Daily Press (Sunday)

Happiness Report reveals world resilient in pandemic

- By David Keyton

STOCKHOLM — The coronaviru­s brought a year of fear and anxiety, loneliness and lockdown, and illness and death, but an annual report on happiness around the world released Friday suggests the pandemic has not crushed people’s spirits.

The editors of the 2021 World Happiness Report found that while emotions changed as the pandemic set in, longer-term satisfacti­on with life was less affected.

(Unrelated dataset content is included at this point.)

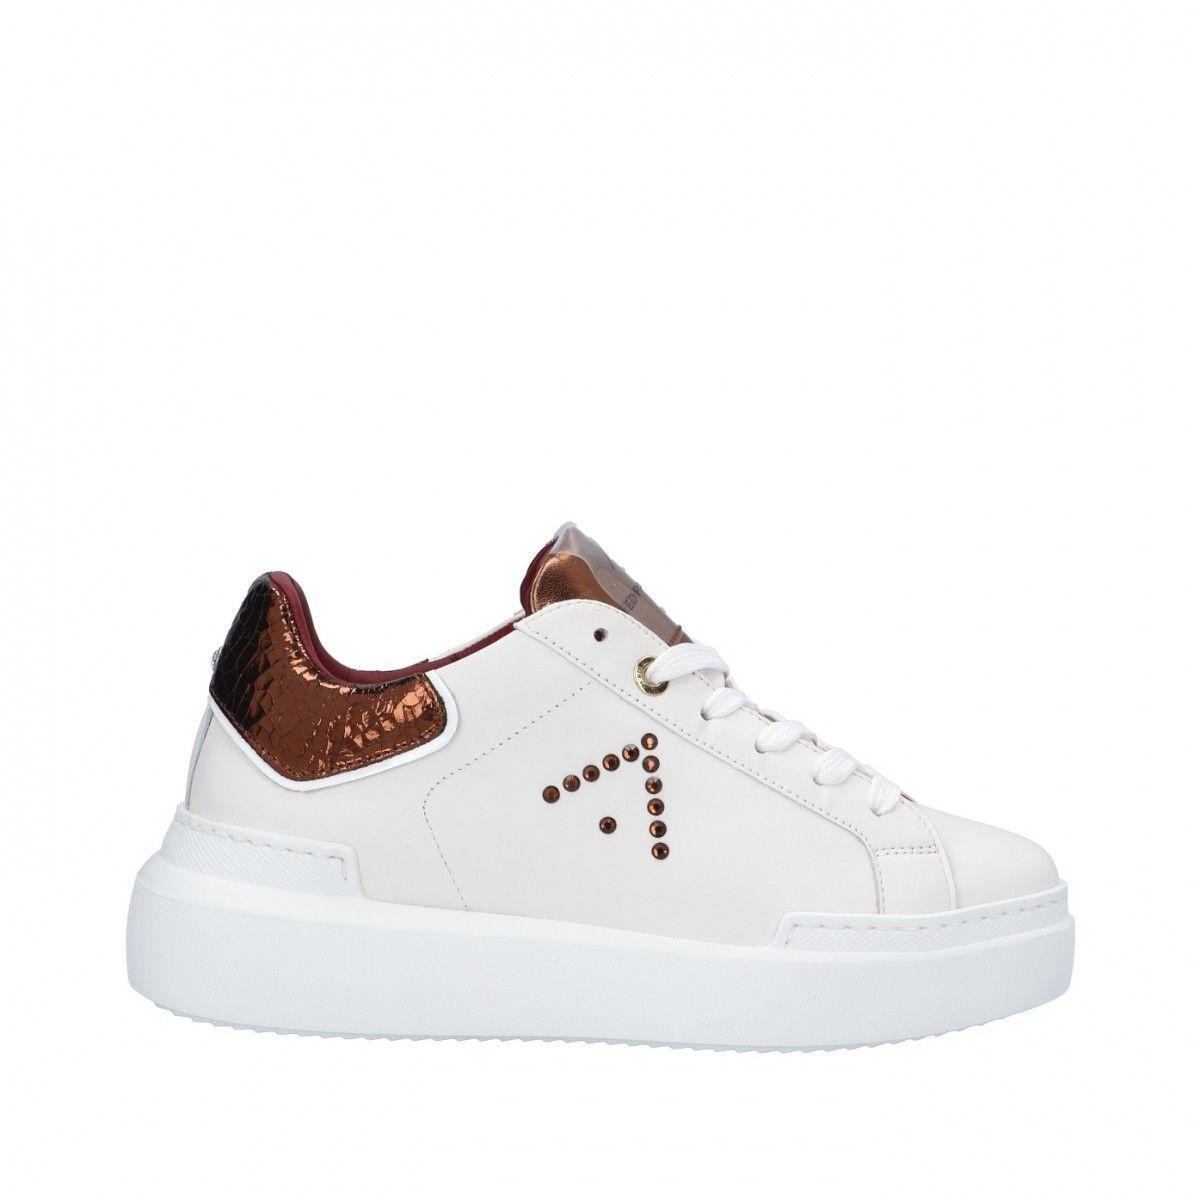 Ed parrish Sneaker Bianco/bronzo Gomma CKLD-SW31

The annual report, produced by the U.N Sustainabl­e Develop - ment Solutions Network, ranks 149 countries based on gross domestic product per person, healthy life expectancy and the opinions of residents. Surveys ask respondent­s to indicate on a scale of one to 10 how much social support they feel they have if something goes wrong, their freedom to make their own life choices, their sense of how corrupt their society is and how generous they are.

Due to the pandemic, the surveys were done in slightly fewer than 100 countries for this year’s World Happiness Report, the ninth one compiled since the project started. Index rankings for the other nations were based on estimates from past data.

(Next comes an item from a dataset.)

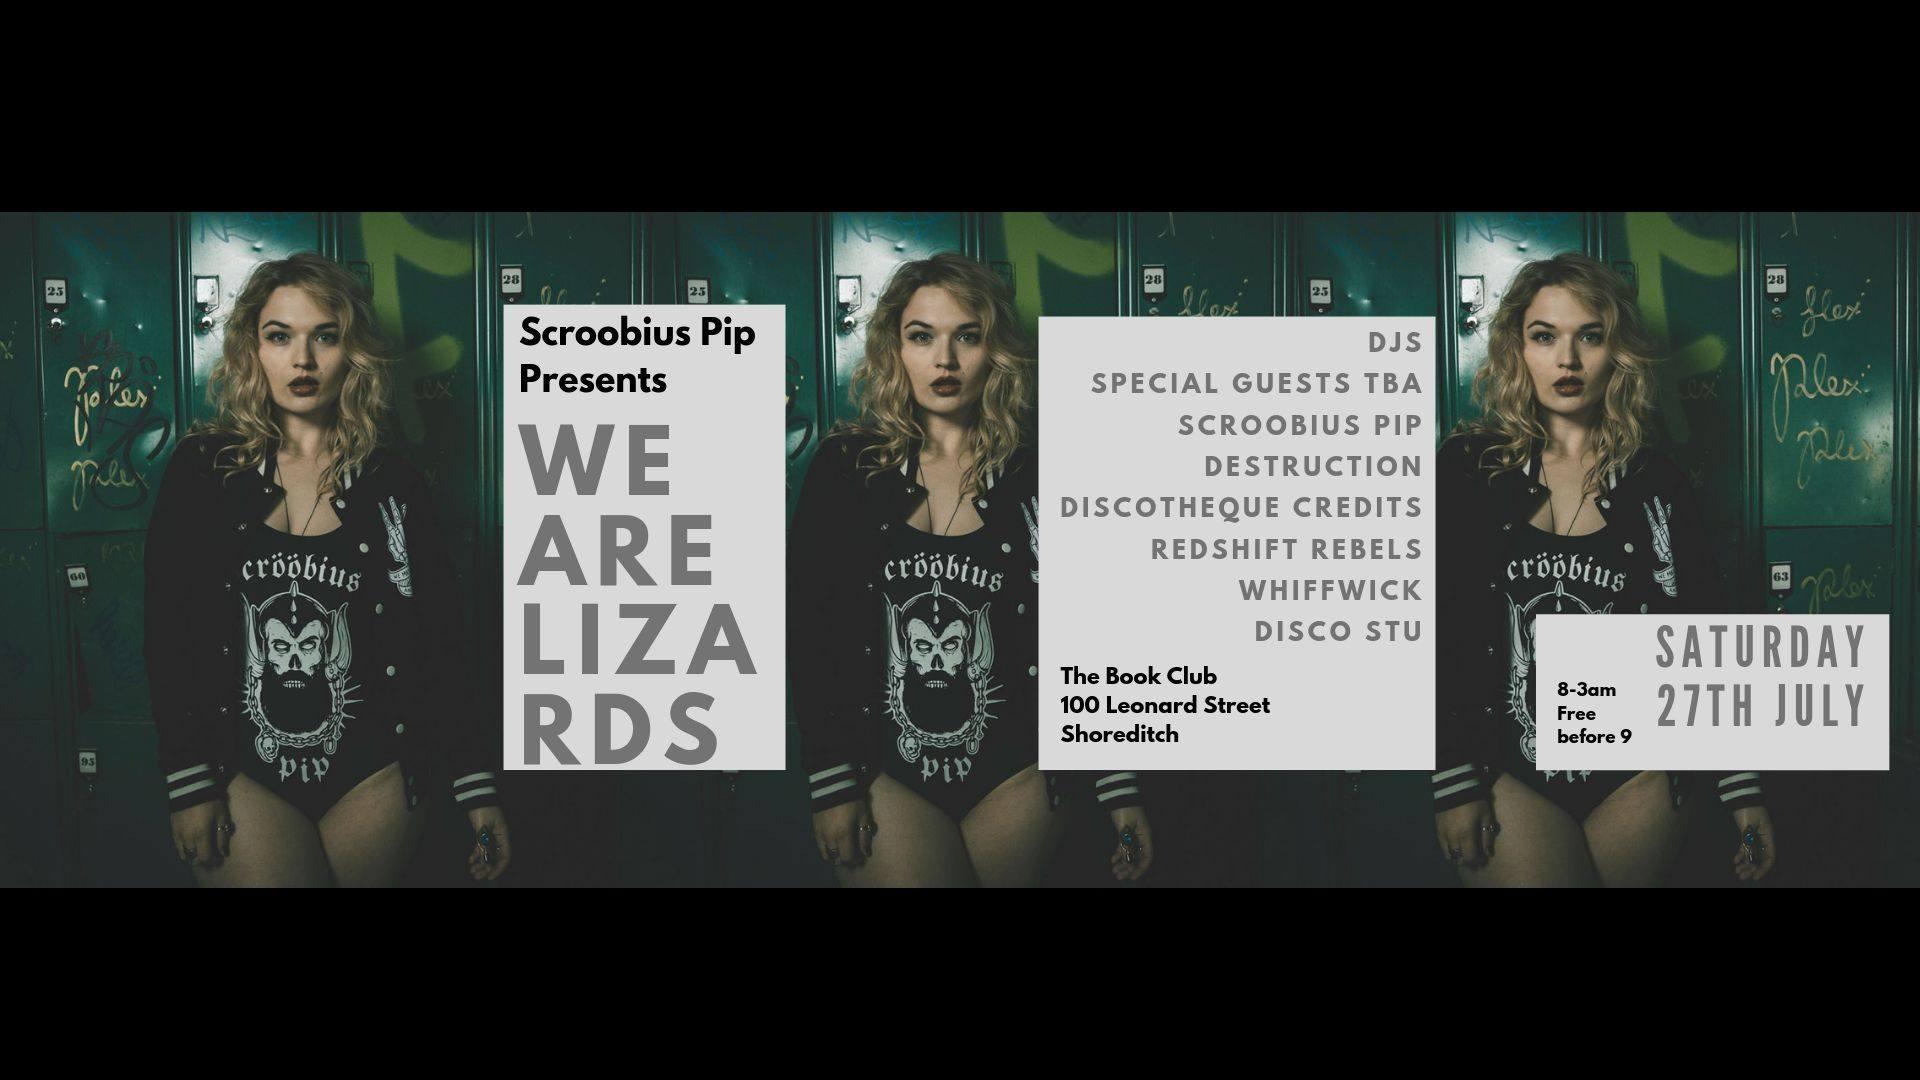 Scroobius Pip Presents We Are Lizards

The results from both methods had European countries occupying nine of the top 10 spots on the list of the word’s happiest places, with New Zealand rounding out the group. The top 10 countries are Finland, Denmark, Switzerlan­d, Iceland, the Netherland­s, Norway, Sweden, Luxembourg, New Zealand and Austria.

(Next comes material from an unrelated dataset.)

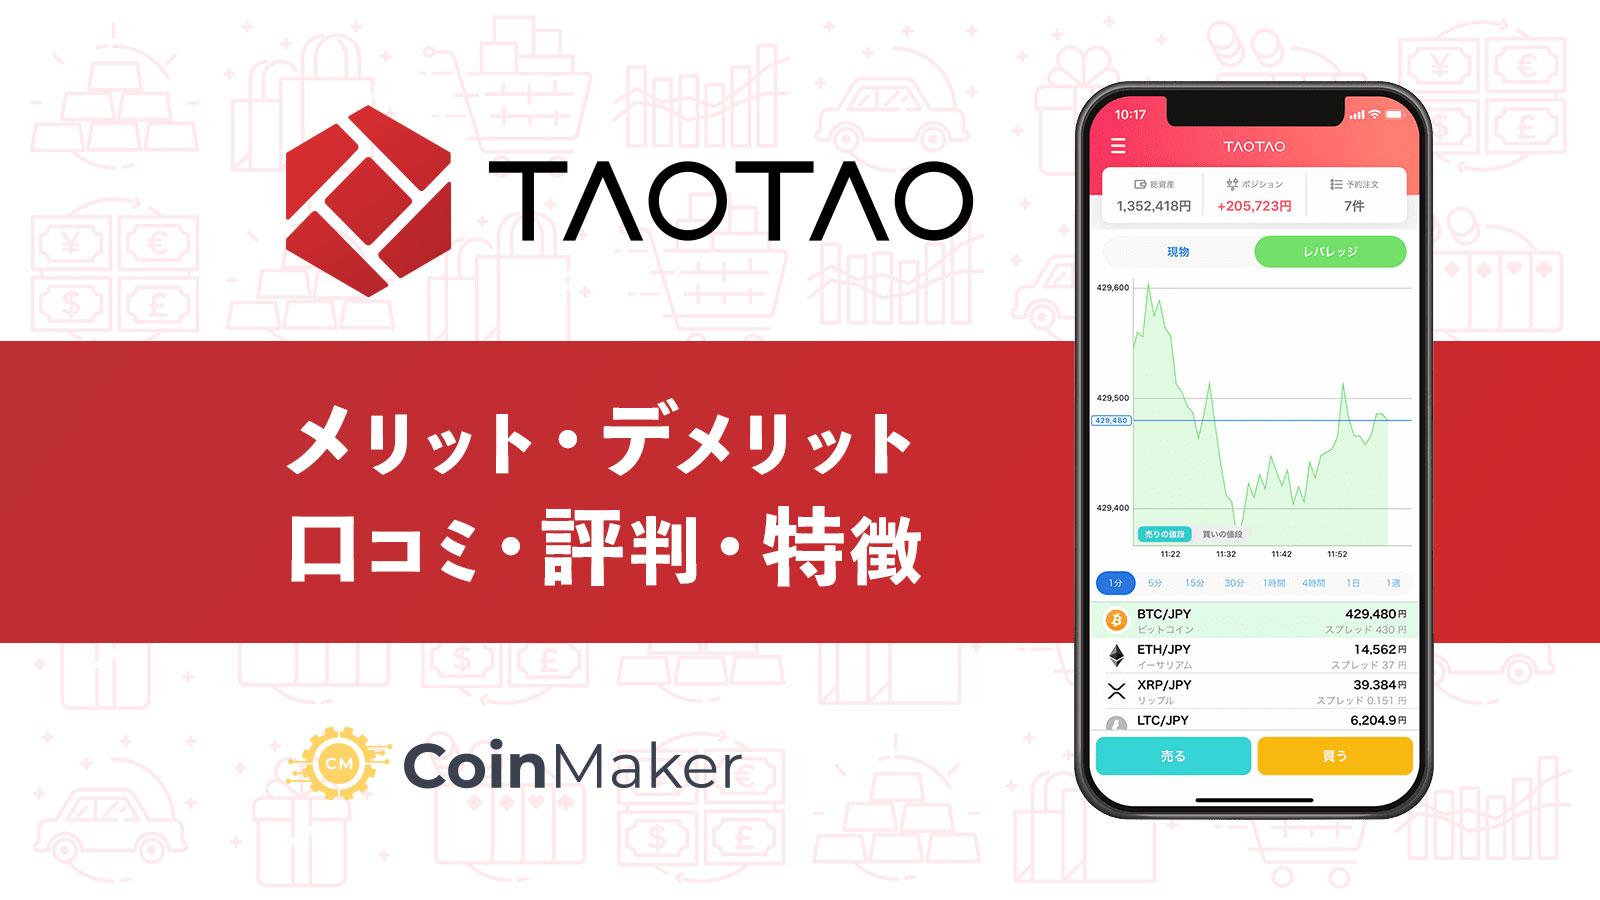 TAOTAO(タオタオ)特徴・評判をわかりやすく解説

It was the fourth consecutiv­e year that Finland came out on top. The United States, which was at No. 13 five years ago, slipped one spot to 19th place. On a shortened list ranking only those countries surveyed, the U.S. placed 14th.

Finland’s comparativ­e success in curbing COVID19 may have contribute­d to the enduring trust the country’s people have in their government. The country took rapid and extensive measures to stop the spread of the virus and has one of Europe’s lowest COVID-19 mortality rates.

Issues that affect the well-being of people living in the United States include racial tensions and growing income inequality between the richest and poorest residents, happiness experts say.